Type Time(%) Time Calls Avg Min Max Name
Range: 100.00% 85.762ms 1 85.762ms 85.762ms 85.762ms first
GPU activities: 98.49% 162.75us 2 81.377us 34.080us 128.67us void nrm2_kernel<double, double, double, int=0, int=0, int=128, int=0>(cublasNrm2Params<double, double>)
0.93% 1.5360us 1 1.5360us 1.5360us 1.5360us [CUDA memcpy DtoH]
0.58% 960ns 1 960ns 960ns 960ns [CUDA memcpy HtoD]
API calls: 99.80% 85.556ms 2 42.778ms 13.481us 85.543ms cudaLaunchKernel
0.20% 167.55us 2 83.775us 16.726us 150.82us cudaMemcpyAsync
==2515== Range "second"
Type Time(%) Time Calls Avg Min Max Name
Range: 100.00% 201.21us 1 201.21us 201.21us 201.21us second
GPU activities: 98.69% 159.52us 2 79.761us 34.113us 125.41us void nrm2_kernel<double, double, double, int=0, int=0, int=128, int=0>(cublasNrm2Params<double, double>)
0.71% 1.1520us 1 1.1520us 1.1520us 1.1520us [CUDA memcpy DtoH]
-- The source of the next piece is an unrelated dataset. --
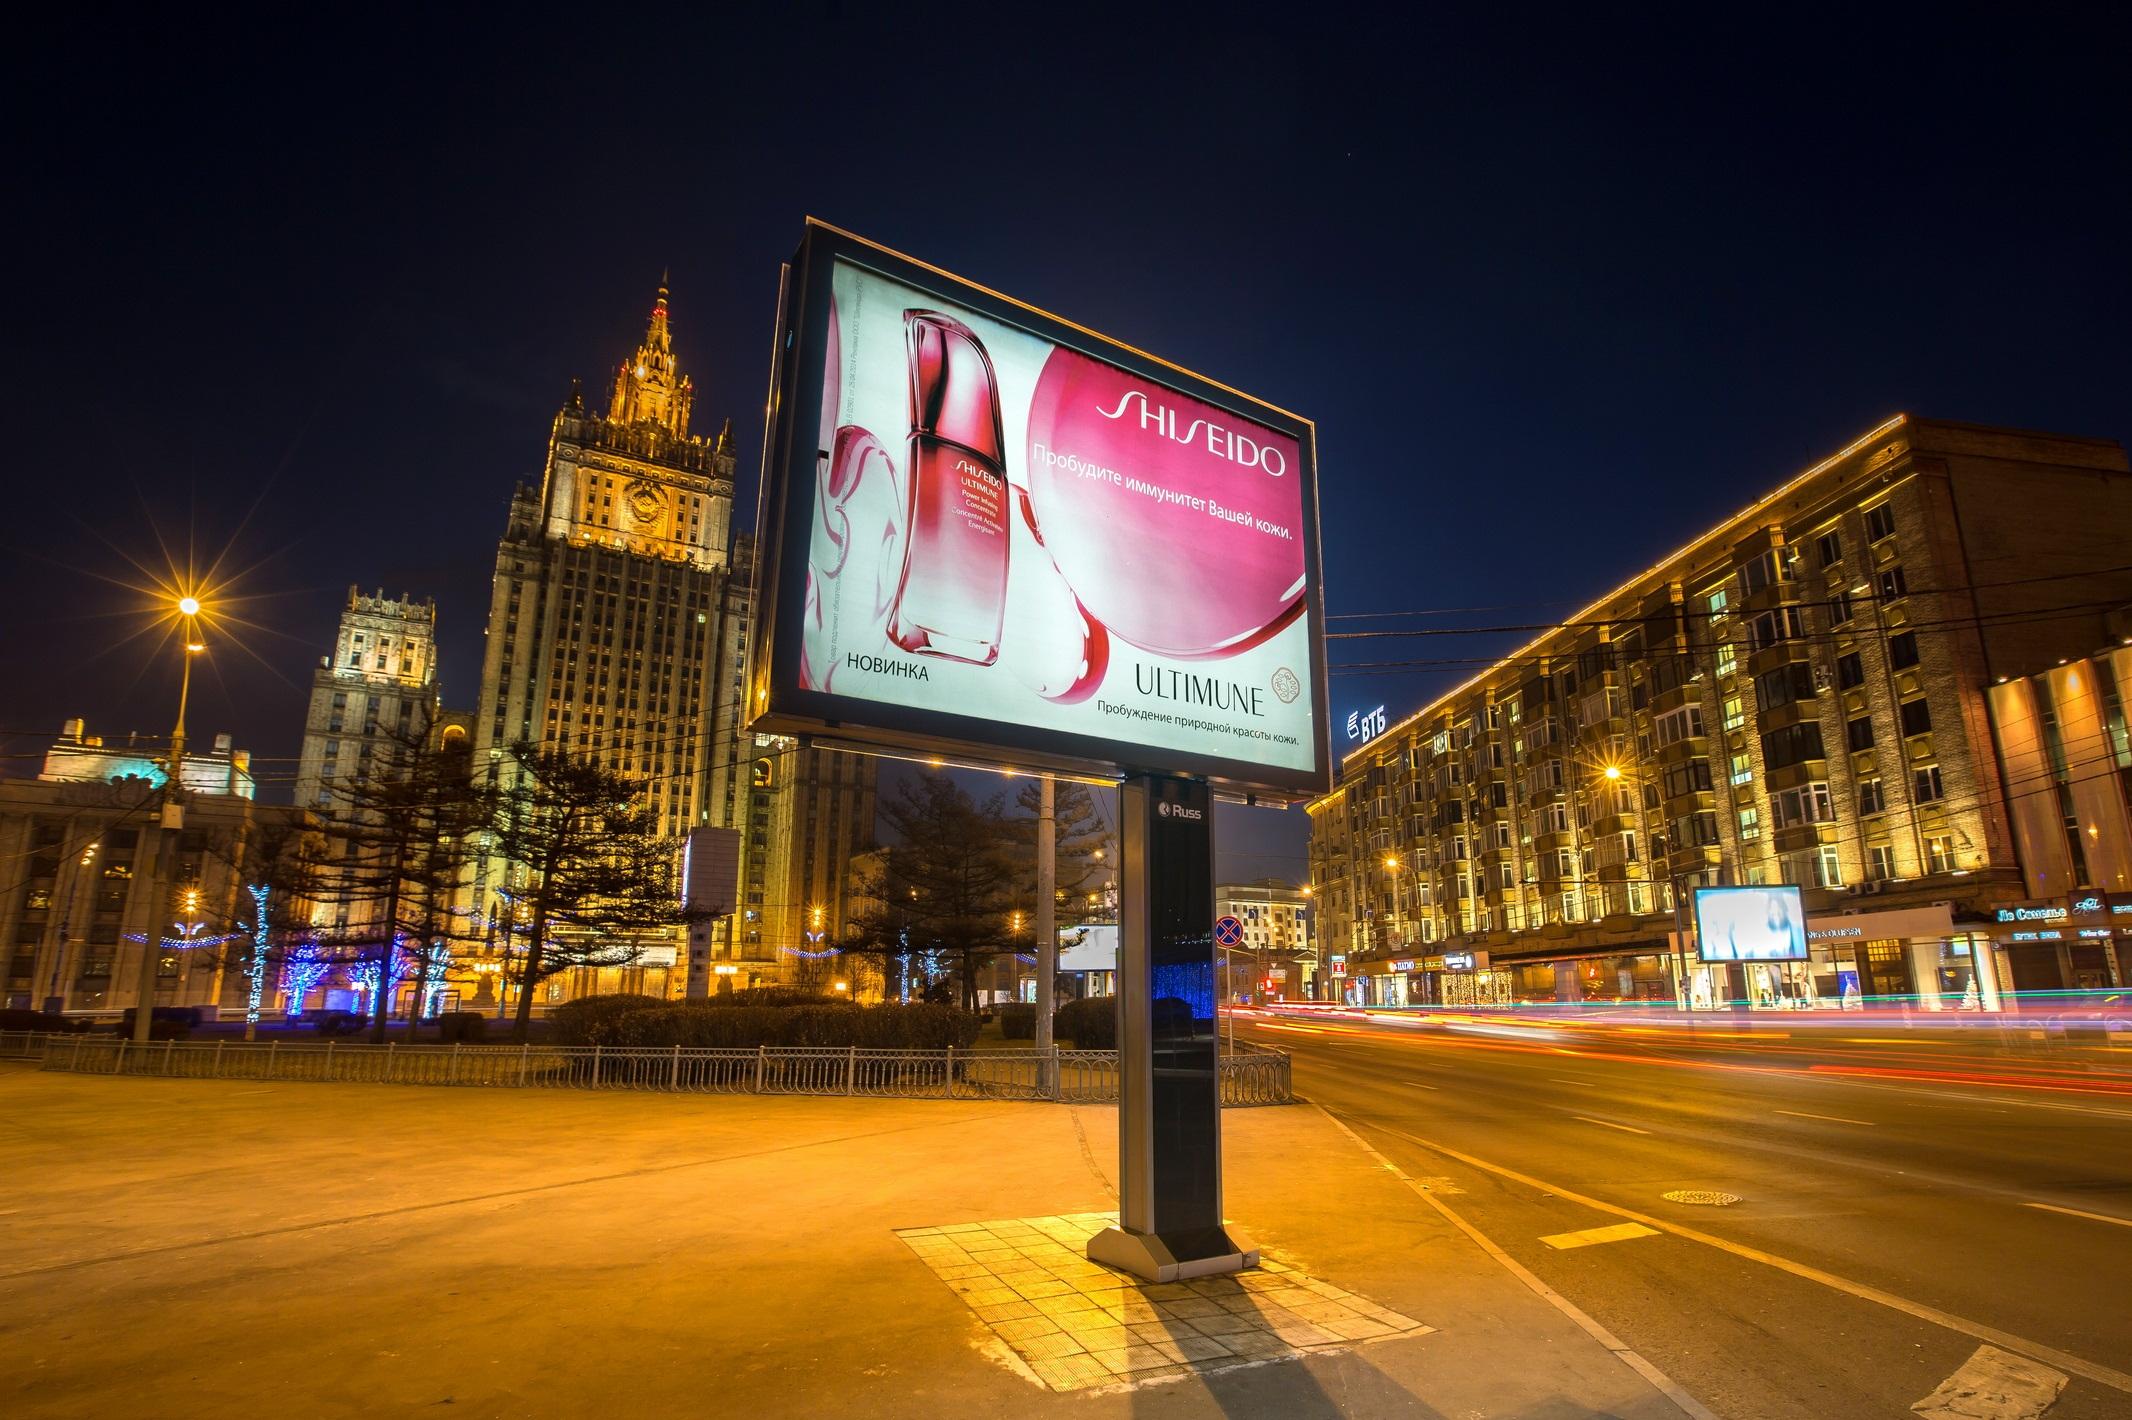 световые панели для наружной рекламы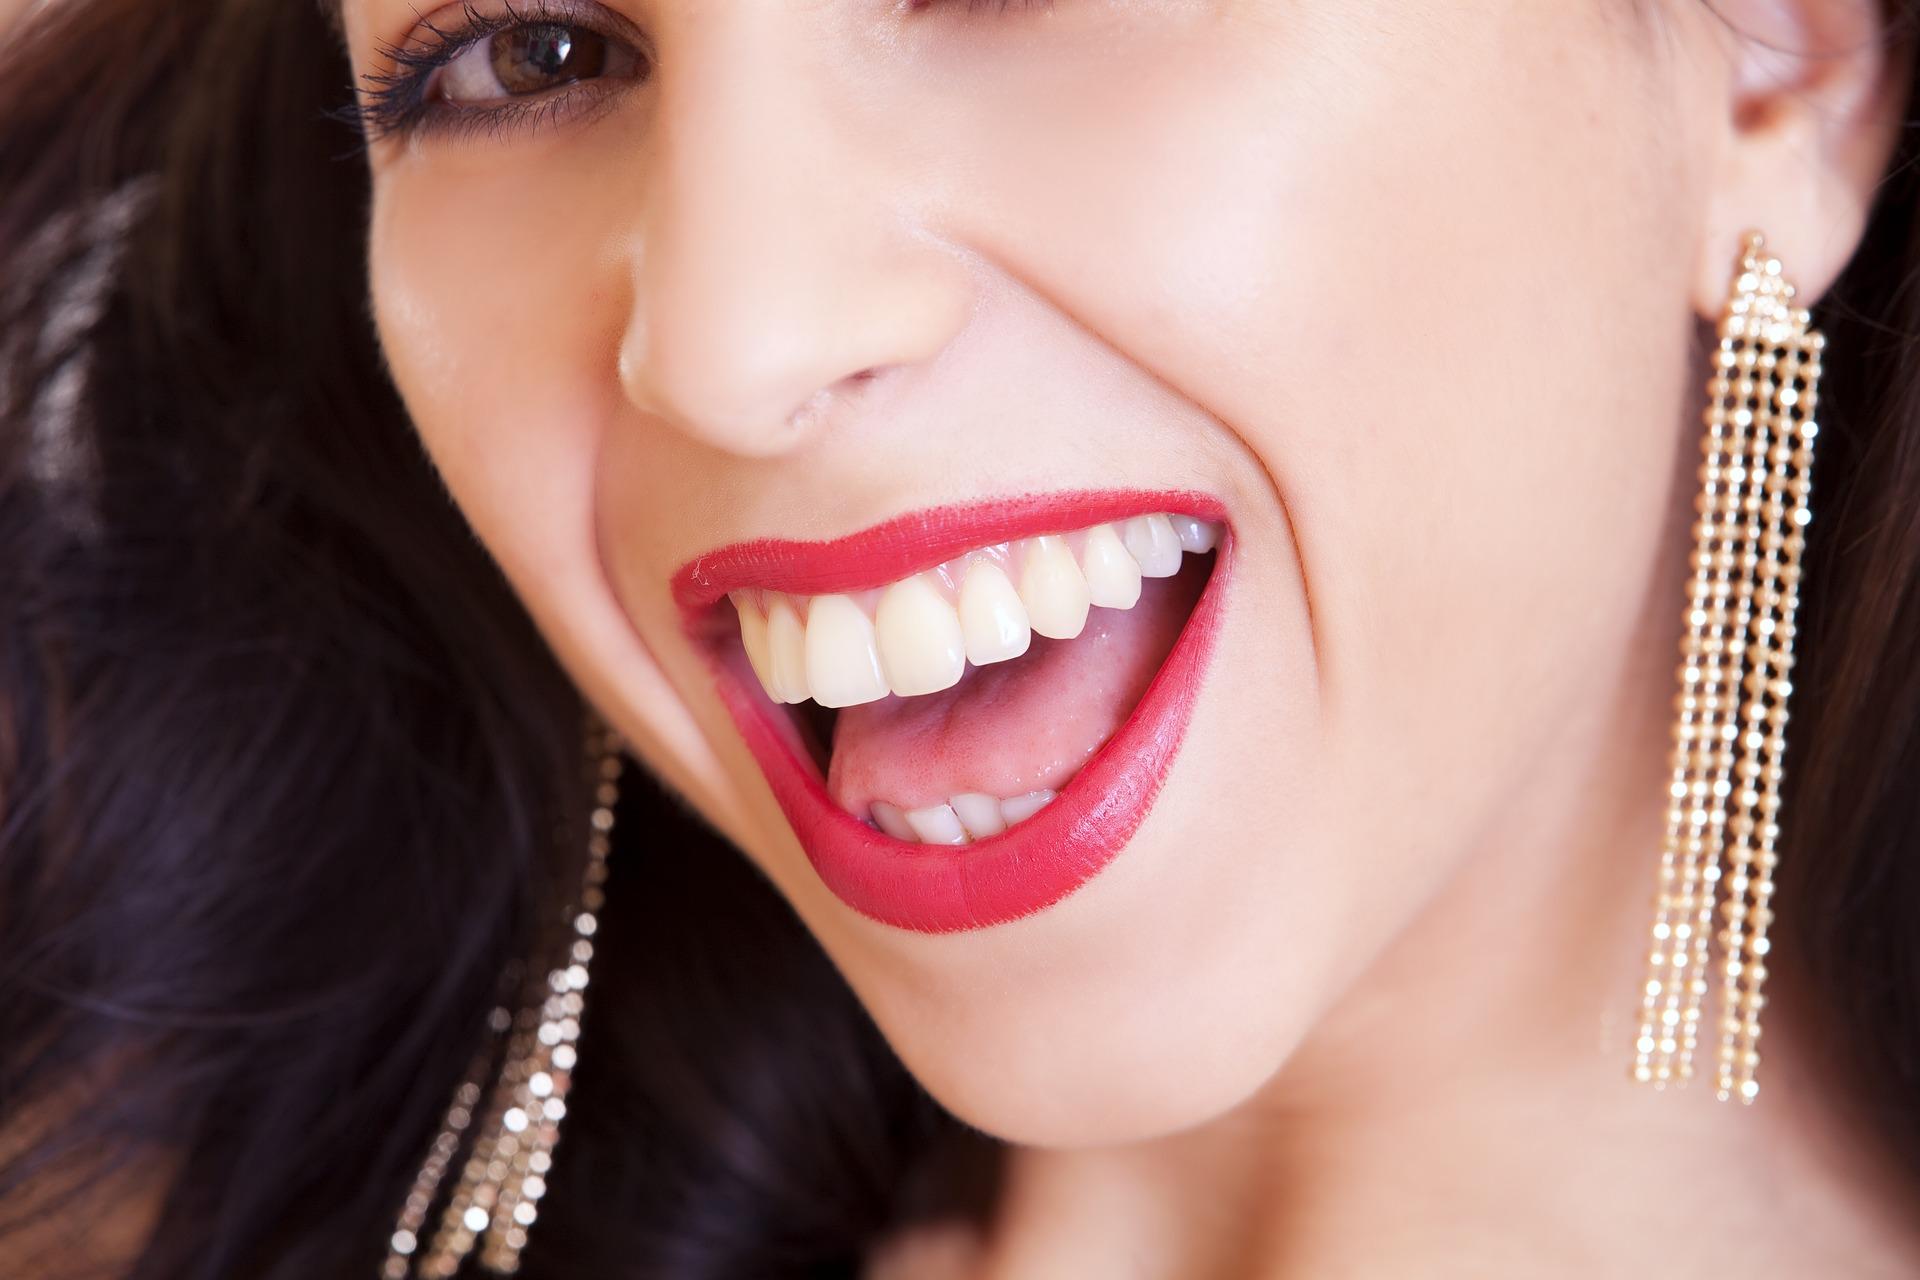 Piękny uśmiech czyli rehabilitacja stomatologiczna – Milena Budrewicz

0.59% 960ns 1 960ns 960ns 960ns [CUDA memcpy HtoD]
API calls: 91.48% 170.81us 2 85.403us 6.8030us 164.00us cudaMemcpyAsync
8.52% 15.913us 2 7.9560us 6.8550us 9.0580us cudaLaunchKernel
This gives you a pretty clear view on what happens behind the scenes. To debug a performance issue like this, you can sprinkle NVTX ranges and markers around to focus on the code that matters.